> **PROVIDED MATERIAL**:

★ ★ ★ ★ ★ ★ ★

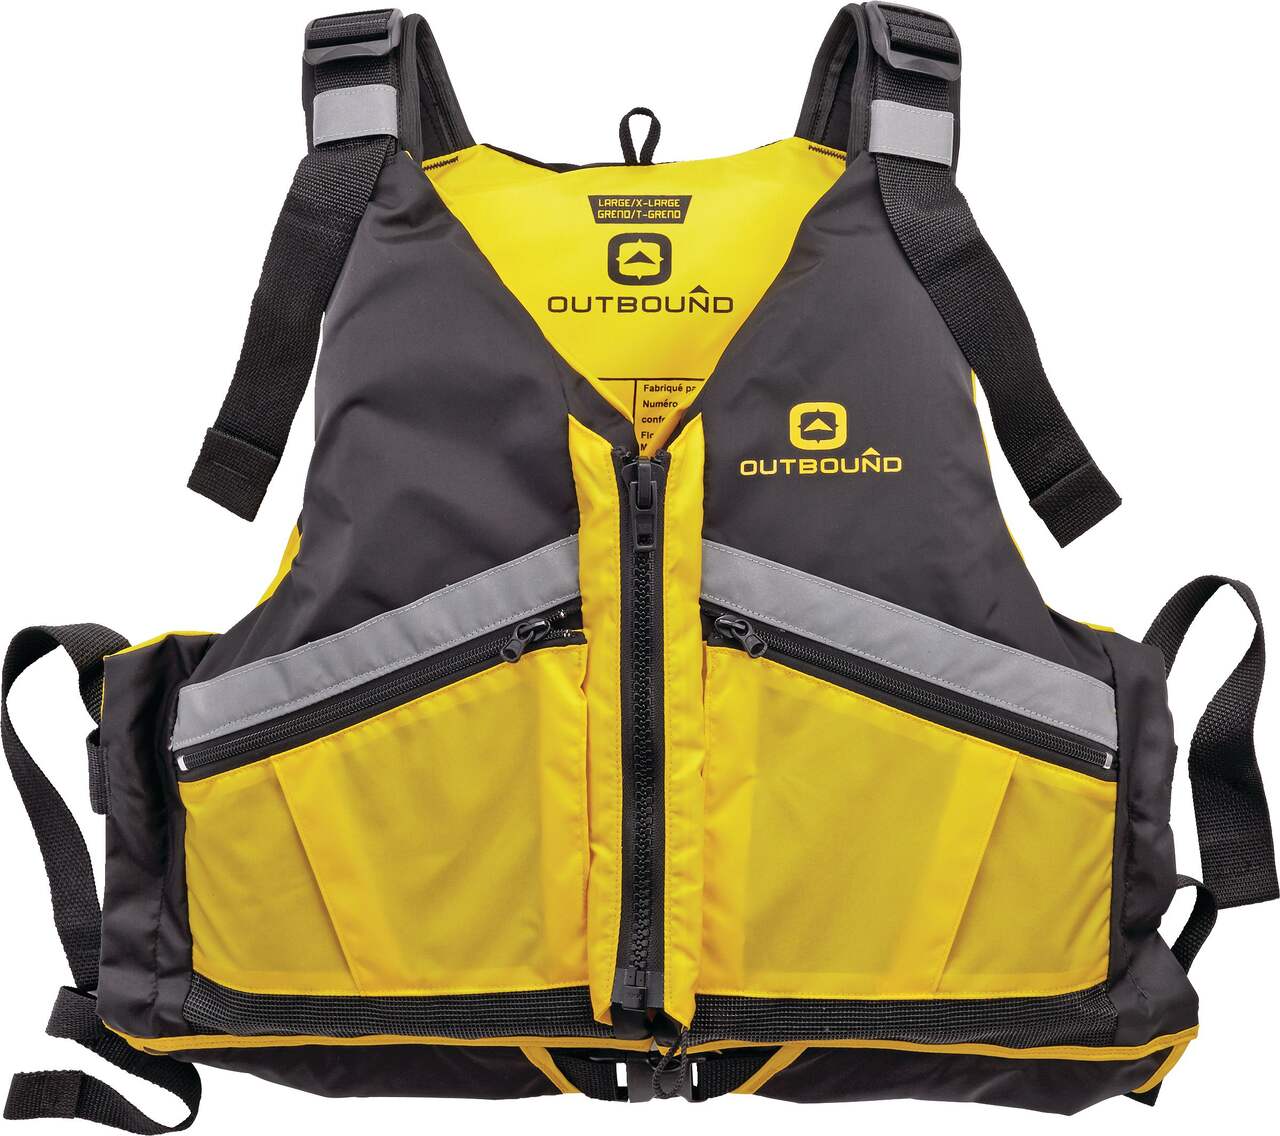 Outbound Adult 4-Buckle PFD/Life Jacket, Assorted Sizes
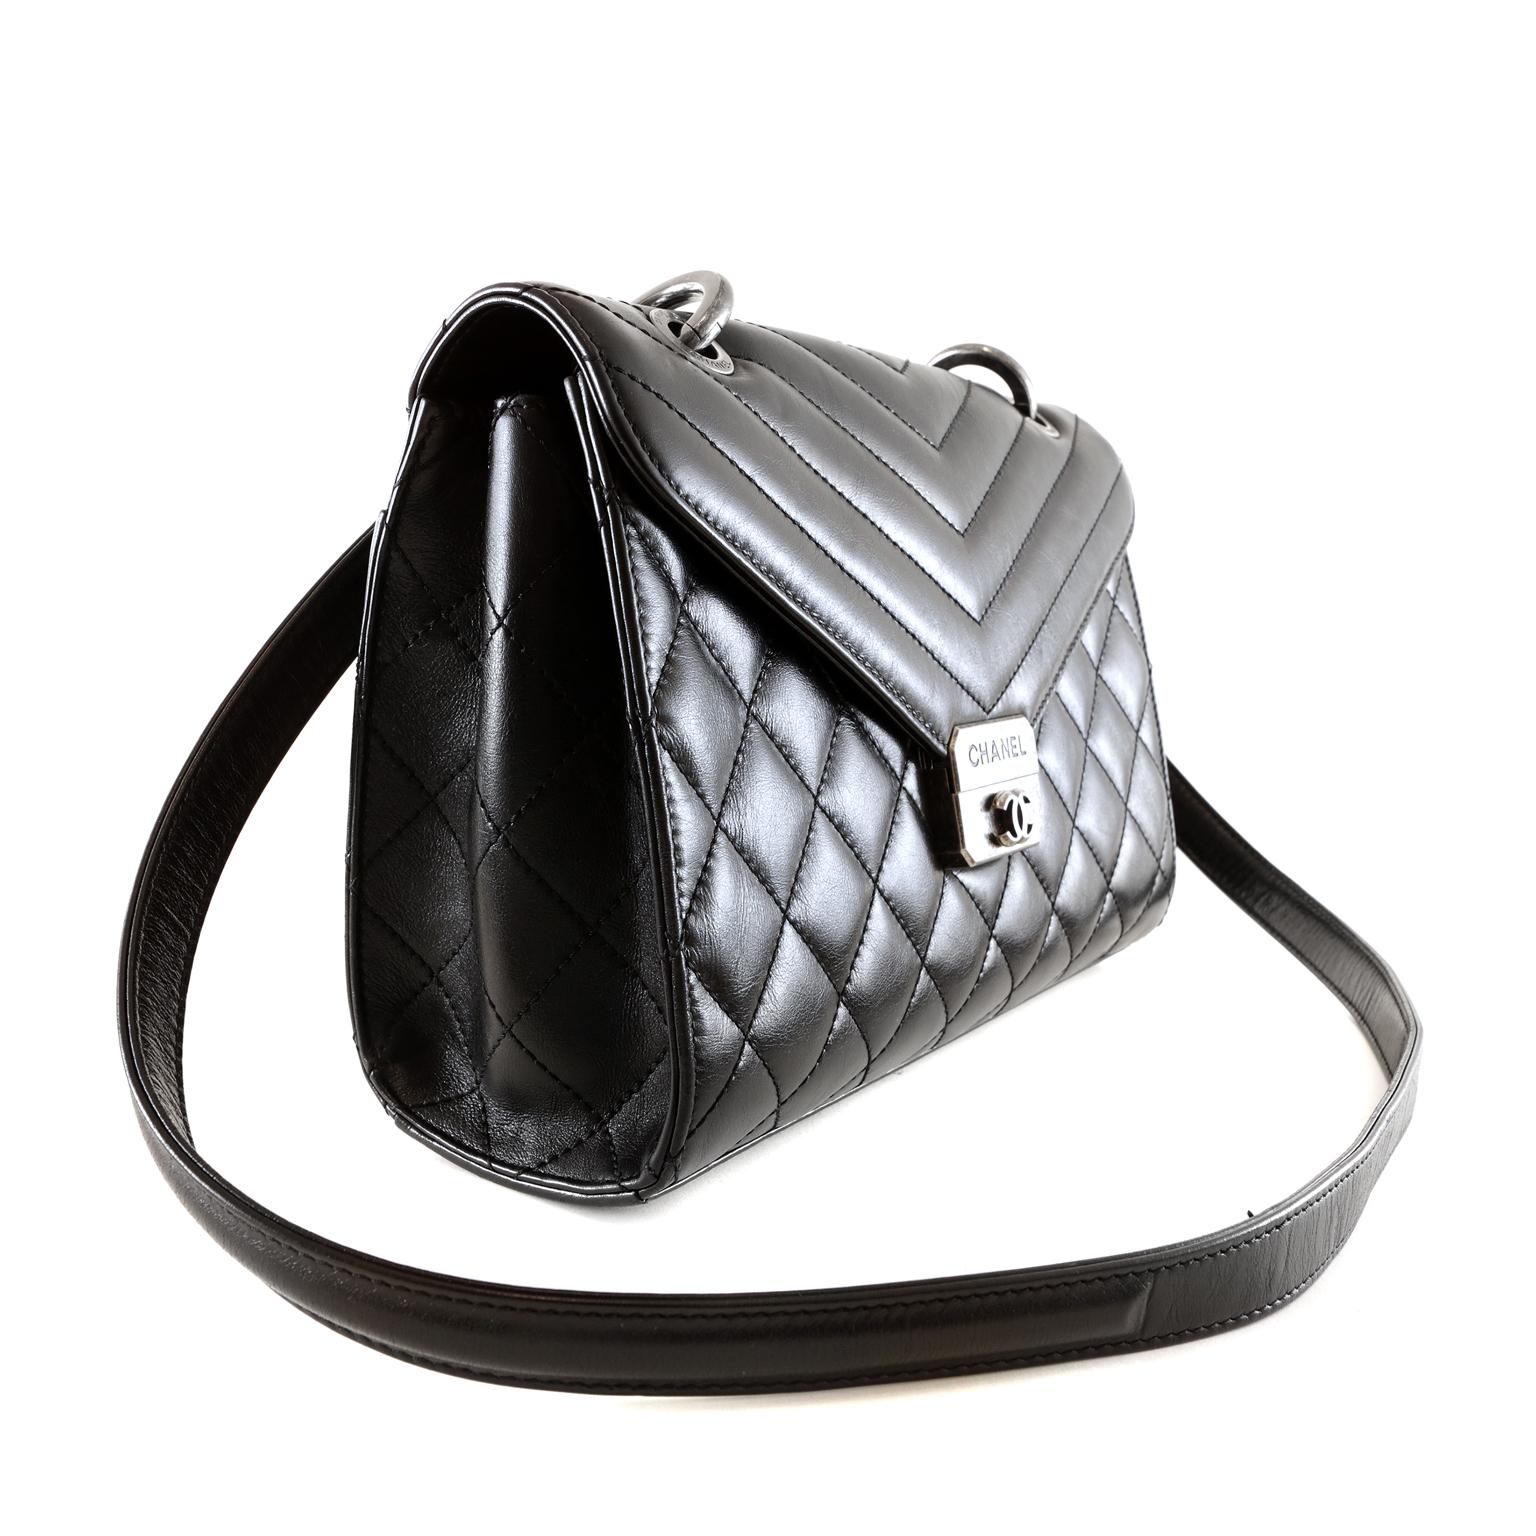 Chanel Black Lambskin Chevron Crossbody - PRISTINE UNWORN CONDITION
  Uniquely styled with a leather crossbody strap and a shorter edgy chain strap, this piece is versatile and sporty.
Black lambskin is quilted in signature Chanel diamond pattern

★ ★ ★ ★ ★ ★ ★

> **WORK INSTRUCTIONS**: Word for word, reproduce all the data, but not the pictures.

> **REPLY**:
 Outbound Adult 4-Buckle PFD/Life Jacket, Assorted Sizes
 Chanel Black Lambskin Chevron Crossbody - PRISTINE UNWORN CONDITION
  Uniquely styled with a leather crossbody strap and a shorter edgy chain strap, this piece is versatile and sporty.
Black lambskin is quilted in signature Chanel diamond pattern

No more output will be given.